Promoting a brand is hard work. It can encompass everything from the hat you wear to the commercial you create to the website you manage. At some point it might even introduce you to the world of trade shows. Trade shows are great opportunities for you to showcase your brand and learn about your industry; not only can you get information and images in front of customers and potential partners, you can evaluate your competition. If you’re new to the trade show scene, though, you might not realize just how complicated it can be.

There are challenges that extend far beyond the price you’ll pay for a booth. Indeed, one of the most surprising aspects of any trade show is the fact that you aren’t going to be allowed to do a lot of the work you want to do yourself. Labor unions maintain control of a variety of tasks for most exhibition venues; exhibitors must work with them in order to deliver the complete trade show experience. Here a few things you should know about working with labor unions in a large event space:

What Are Unions?

Labor unions are organized groups of skilled workers. Using their collective strength, members band together to negotiate the details of their working conditions with their employer. Unions exist for workers in nearly every type of industry. Some of the most well-known are the National Education Association (NEA) for teachers, the United Steelworkers (USW) for steelworkers and the International Brotherhood of Teamsters (IBT) for “1.4 million [workers] under 21 industrial divisions that include virtually every occupation imaginable.”

What Do They Have to Do with Trade Shows

Large convention centers need workers to help them manage the “installation and dismantle” (I&D) of the shows they host. It takes a lot of manpower to set up events and take them down in a safe and timely manner. Thus, most hire local labor unions to do the work for them. Typical labor union jobs include construction, electrical work, flooring, cleaning, decorating and rigging.

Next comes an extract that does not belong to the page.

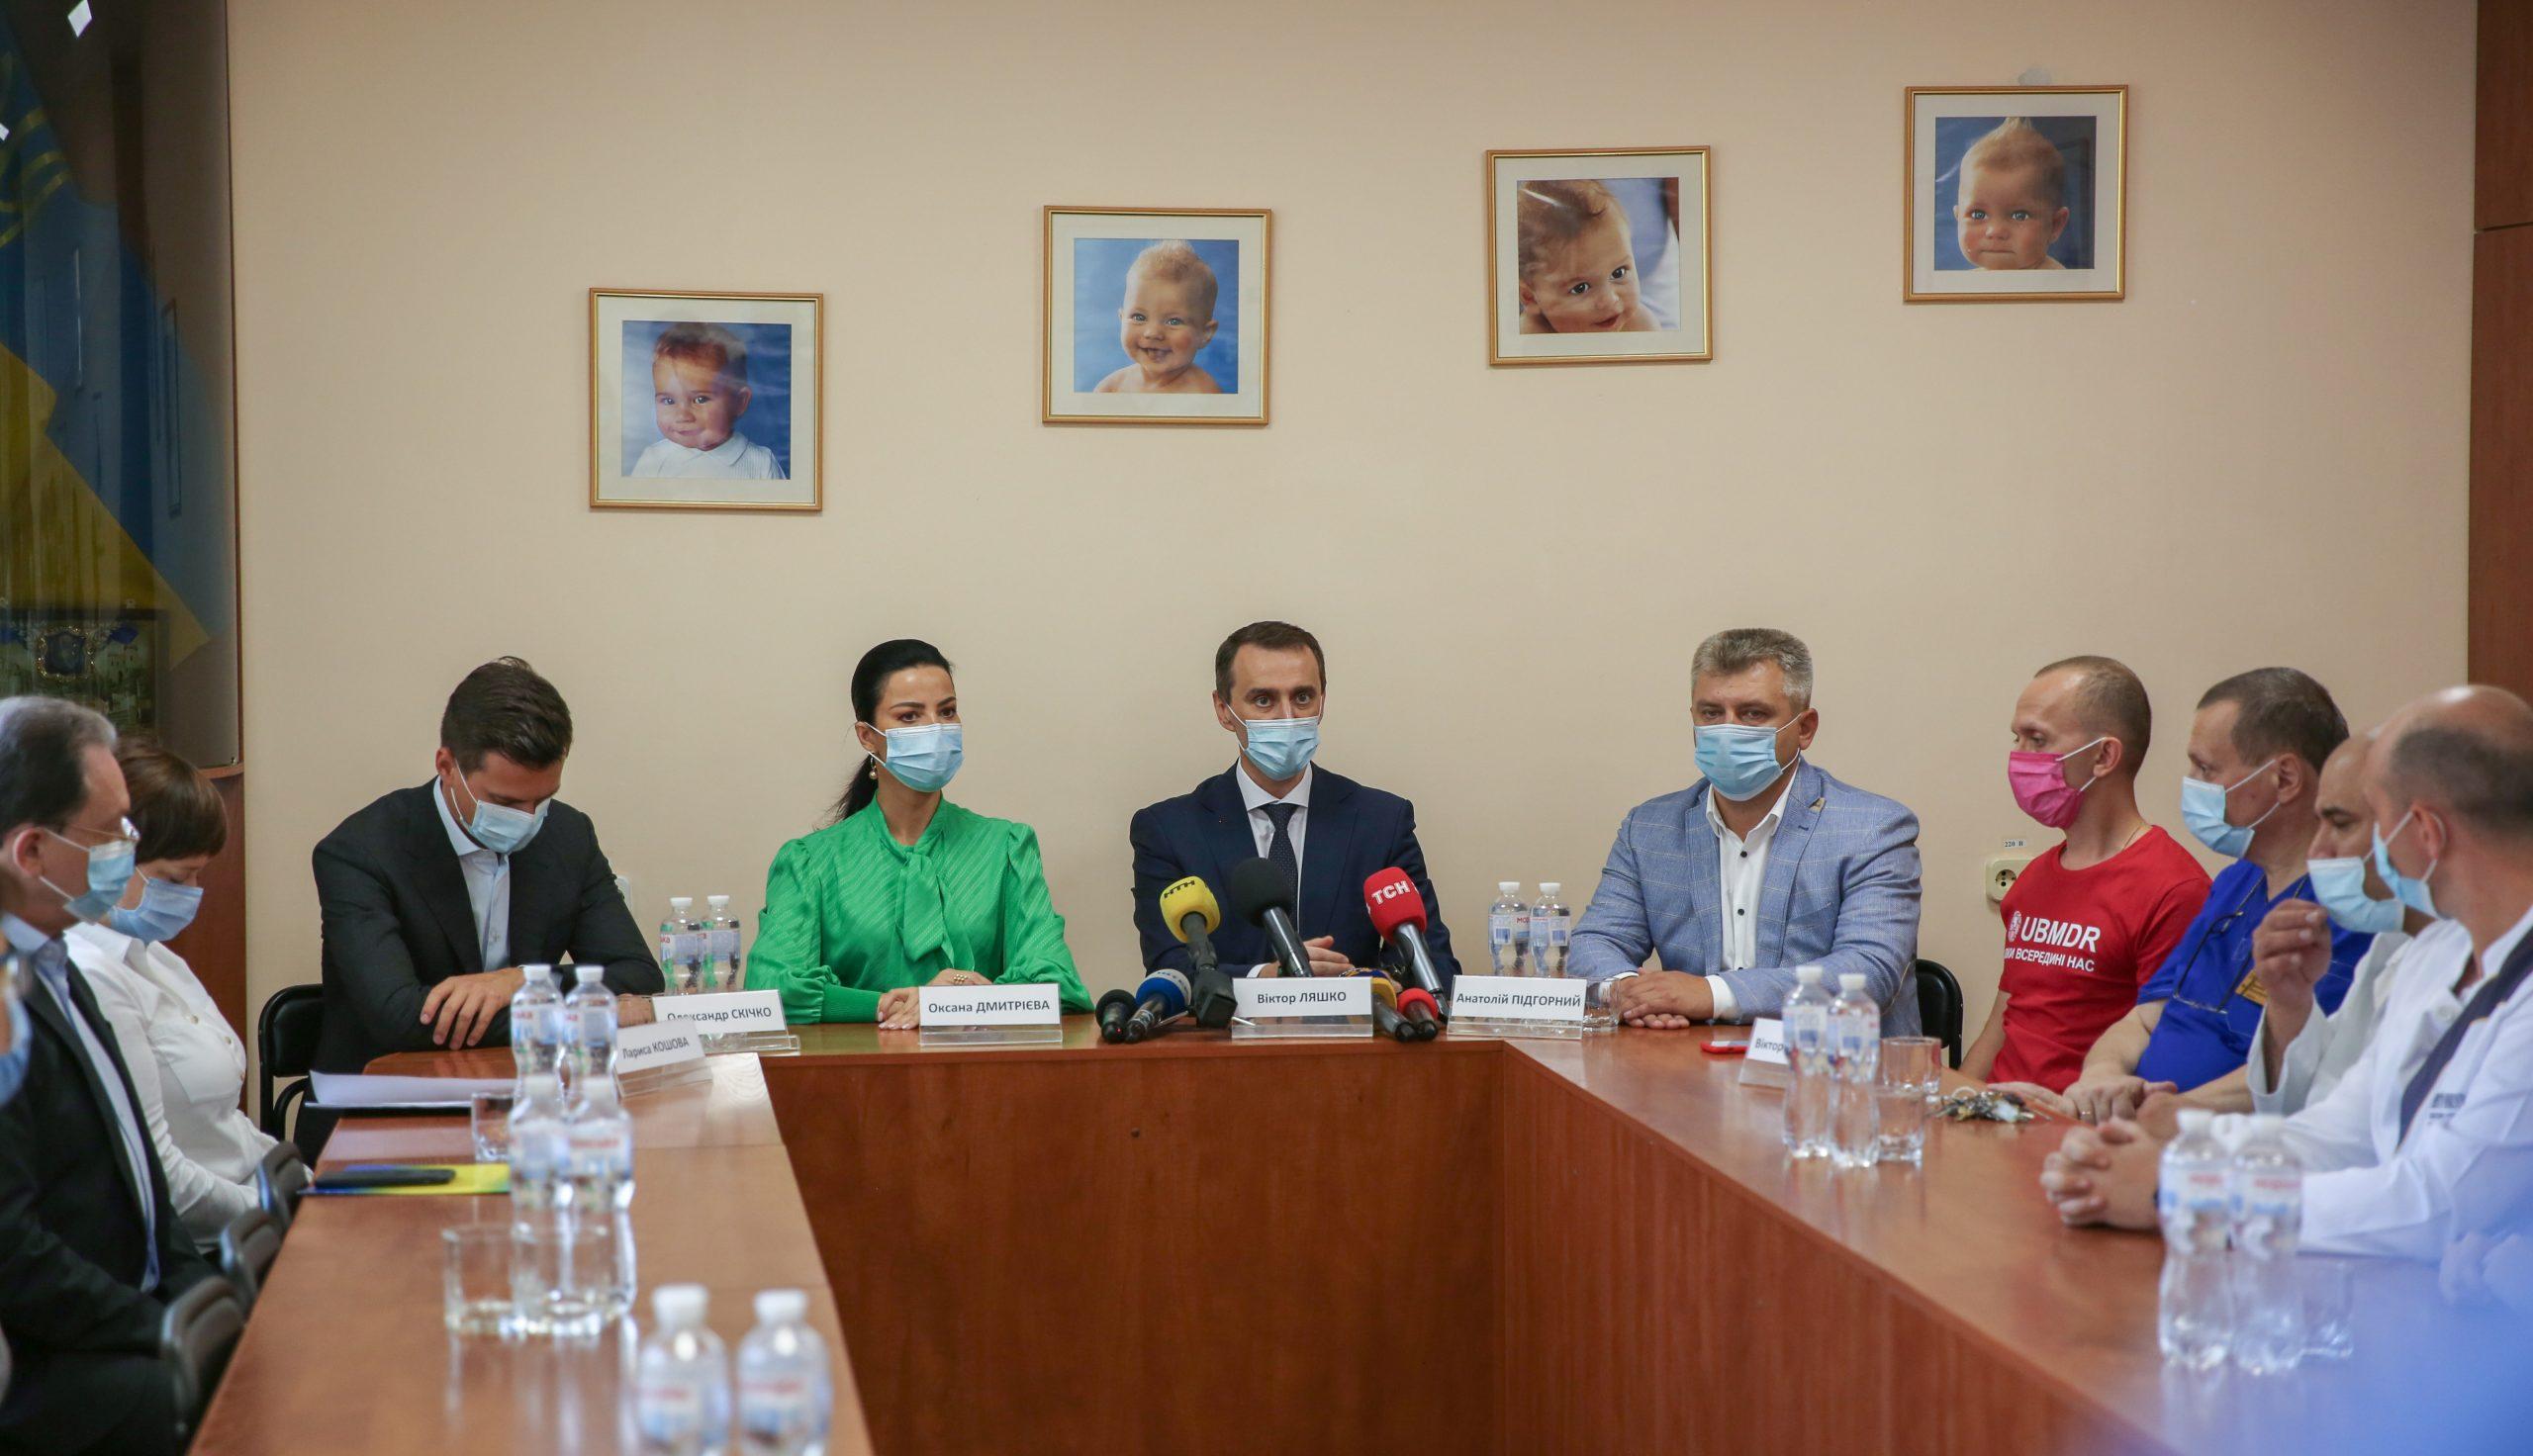 Віктор Ляшко провів брифінг щодо трансплантації в Черкаському онкодиспансері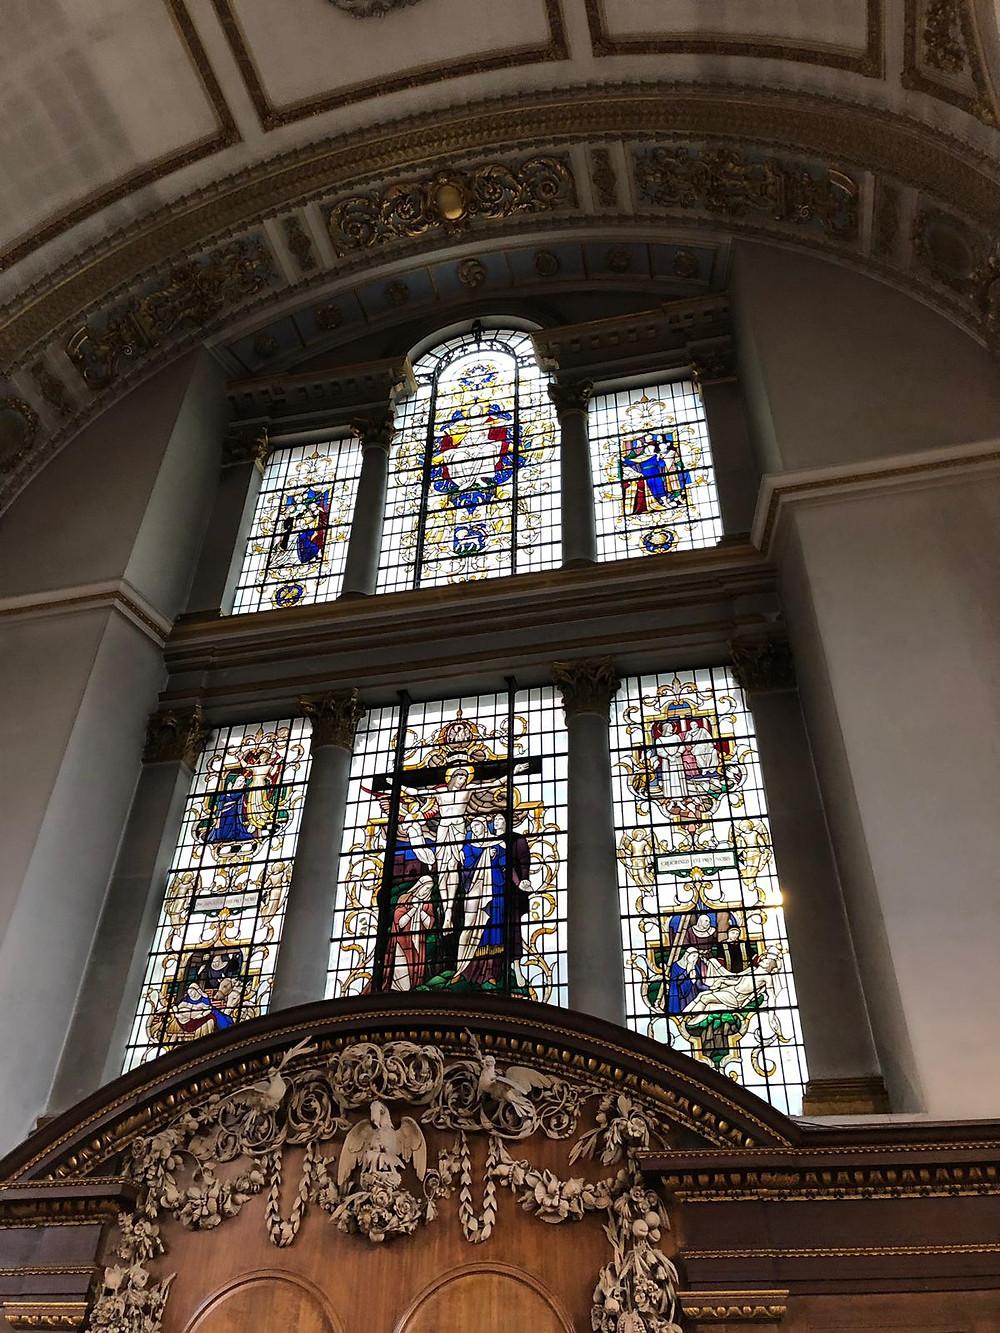 imagen del hermoso vitral de la iglesia y del retablo de G. Gibbons

However, this list is not exhaustive, and different unions work in different venues doing different things. Some convention centers might use the services of local teamsters while another might use the United Brotherhood of Carpenters and Joiners of America (UBC) or The International Alliance of Theatrical Stage Employees (IATSE). Many will use multiple labor forces, making it paramount that, as an exhibitor, you know who you need to seek out for each task you need done.

Labor Union Rules Vary By State

Trade show labor rules vary by state and sometimes even by city and/or venue. Thus, as mentioned, you must familiarize yourself with the correct set of regulations for each trade show you attend, as well as each year that you attend it (even if it’s held in the same facility every time).

Labor rules constantly change, so understanding the guidelines one year doesn’t necessarily guarantee that you’ll understand them the next. And it doesn’t save you any money to try to sneak and do a union job yourself. If caught, you will be forced to still pay the union its fee for the task, and the relationship between you and your labor force could sour, making it harder for you to get adequate help with the rest of work you need done. And don’t make the mistake of assuming that you don’t have to consult labor union policies if you’re going be exhibiting in a “right-to-work” state. Even unions in these states can hold some jurisdiction.

The Bottom Line

You’ve probably used qualitative and quantitative research design methods to study the market, designing a brand that you believe in and want to display. Don’t waste that time and money by neglecting to follow trade show rules. Ask for labor union guidelines before you plan your trade show exhibit so that you can adhere to union policy, building a booth that both attracts and engages conventioneers and laborers in all the right ways!